● **EXERCISE PROMPT**
Print the line where "Unisex pocket t-shirt - White Bass" occurs and every line that follows it in the data below, ending with the last line, precisely as written.

● **DATA FOR THIS TASK**
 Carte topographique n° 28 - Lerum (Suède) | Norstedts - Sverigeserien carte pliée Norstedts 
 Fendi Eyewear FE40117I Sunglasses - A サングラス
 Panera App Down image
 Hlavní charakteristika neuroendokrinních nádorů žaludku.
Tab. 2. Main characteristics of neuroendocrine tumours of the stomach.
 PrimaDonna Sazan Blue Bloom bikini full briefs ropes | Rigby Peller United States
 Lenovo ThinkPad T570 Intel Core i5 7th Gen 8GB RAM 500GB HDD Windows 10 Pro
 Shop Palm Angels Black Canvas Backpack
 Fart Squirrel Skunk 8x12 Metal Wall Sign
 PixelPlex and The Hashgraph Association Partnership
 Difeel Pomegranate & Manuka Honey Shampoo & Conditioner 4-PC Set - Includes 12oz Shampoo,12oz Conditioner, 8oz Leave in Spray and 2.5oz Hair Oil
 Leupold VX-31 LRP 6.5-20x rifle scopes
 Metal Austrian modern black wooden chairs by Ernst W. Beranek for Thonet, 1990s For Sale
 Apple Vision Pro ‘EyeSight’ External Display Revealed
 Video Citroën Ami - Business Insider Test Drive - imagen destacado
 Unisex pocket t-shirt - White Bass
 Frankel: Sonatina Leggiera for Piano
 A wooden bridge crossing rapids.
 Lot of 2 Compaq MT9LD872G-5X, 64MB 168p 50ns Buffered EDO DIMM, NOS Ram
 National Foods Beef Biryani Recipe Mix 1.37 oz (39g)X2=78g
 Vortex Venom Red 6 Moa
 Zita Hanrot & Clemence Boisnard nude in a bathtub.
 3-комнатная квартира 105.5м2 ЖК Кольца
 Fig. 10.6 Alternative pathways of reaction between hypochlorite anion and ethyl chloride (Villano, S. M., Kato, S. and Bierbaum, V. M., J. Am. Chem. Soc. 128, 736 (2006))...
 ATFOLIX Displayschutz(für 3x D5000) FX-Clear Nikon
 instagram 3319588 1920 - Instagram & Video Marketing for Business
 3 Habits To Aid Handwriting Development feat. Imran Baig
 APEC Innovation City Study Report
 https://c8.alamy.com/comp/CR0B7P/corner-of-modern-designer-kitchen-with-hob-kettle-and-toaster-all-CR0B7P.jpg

● **WRITTEN REPLY**
 Unisex pocket t-shirt - White Bass
 Frankel: Sonatina Leggiera for Piano
 A wooden bridge crossing rapids.
 Lot of 2 Compaq MT9LD872G-5X, 64MB 168p 50ns Buffered EDO DIMM, NOS Ram
 National Foods Beef Biryani Recipe Mix 1.37 oz (39g)X2=78g
 Vortex Venom Red 6 Moa
 Zita Hanrot & Clemence Boisnard nude in a bathtub.
 3-комнатная квартира 105.5м2 ЖК Кольца
 Fig. 10.6 Alternative pathways of reaction between hypochlorite anion and ethyl chloride (Villano, S. M., Kato, S. and Bierbaum, V. M., J. Am. Chem. Soc. 128, 736 (2006))...
 ATFOLIX Displayschutz(für 3x D5000) FX-Clear Nikon
 instagram 3319588 1920 - Instagram & Video Marketing for Business
 3 Habits To Aid Handwriting Development feat. Imran Baig
 APEC Innovation City Study Report
 https://c8.alamy.com/comp/CR0B7P/corner-of-modern-designer-kitchen-with-hob-kettle-and-toaster-all-CR0B7P.jpg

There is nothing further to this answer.